A book I read over the weekend was Jimmy Carter's WHY NOT THE BEST? It was written and published before he was elected president. What a guy! Intelligent, dedicated, hard-working, decent -- and when he set out to run for governor and then for president, he set out to READ AND LEARN about the important issues that would make up his job. He believed in the American people when he wrote that book, too, and believed that we deserved honest government.

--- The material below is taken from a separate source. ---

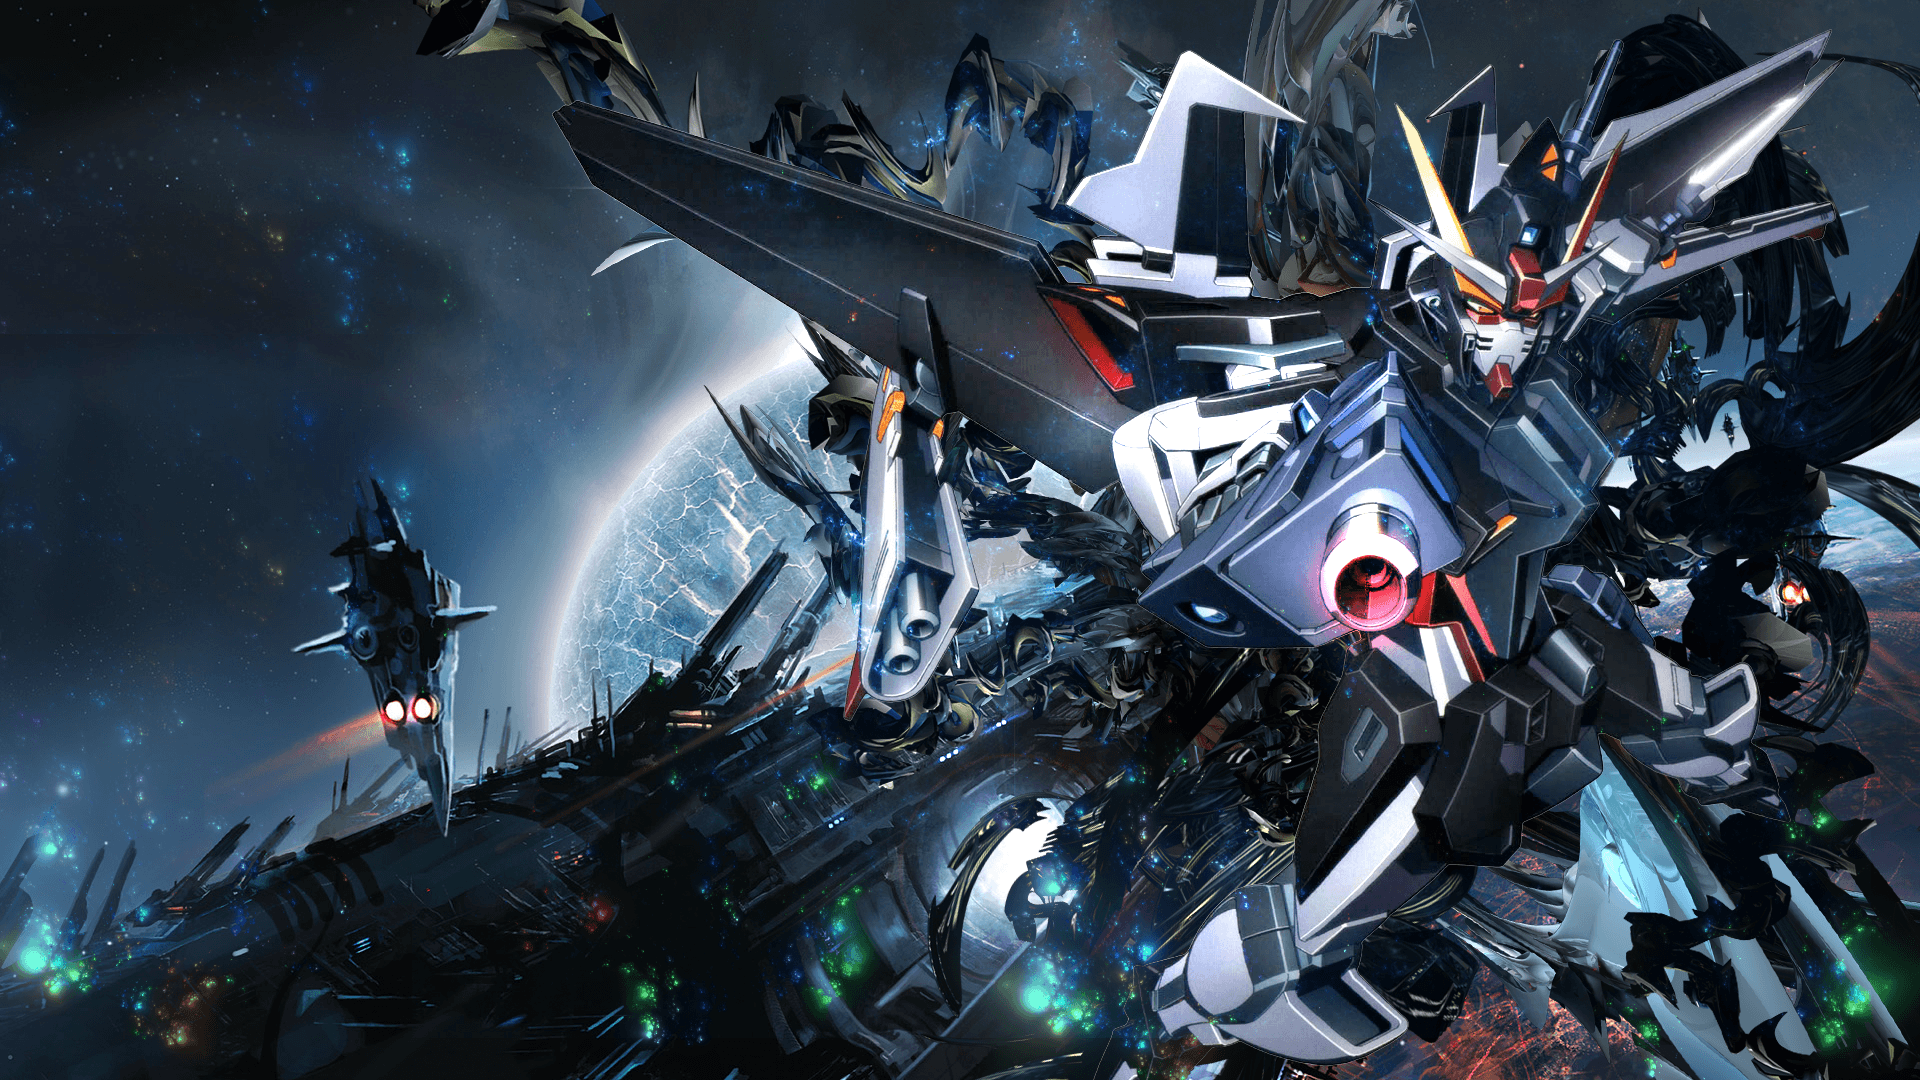 Wallpaper.wiki Gundam Unicorn 1080p Anime Background PIC WPD008544

I hope to see those values again in my lifetime, too.
I did watch the debate, much to my chagrin, and all you anticipated, and more, came true. If I hadn't had a neighbor here to watch with me, I would have turned it off after the first couple of minutes. It was a horror show.
I, too, like to vote in person. It makes me feel good and patriotic. But this year I can't because of my temporary immobility (due tp my upcoming hip surgery). I will miss it....one of the view times I feel patriotic and proud to be an American. I've already filled out the form and sent it in to vote by mail...........but it isn't the same. What in the world is happening to this country??
Cheri, I know so well what you mean! I too love that feeling of community participation, the feeling that all of us, all over the country, are calmly fulfilling our duty as citizens. I love seeing my neighbors, all of us simultaneously determined, serious, and happy, even celebratory. We are missing SO MUCH these days -- and for a multitude of reasons, not simply a pandemic virus in the land. Let's pray we live to see better days.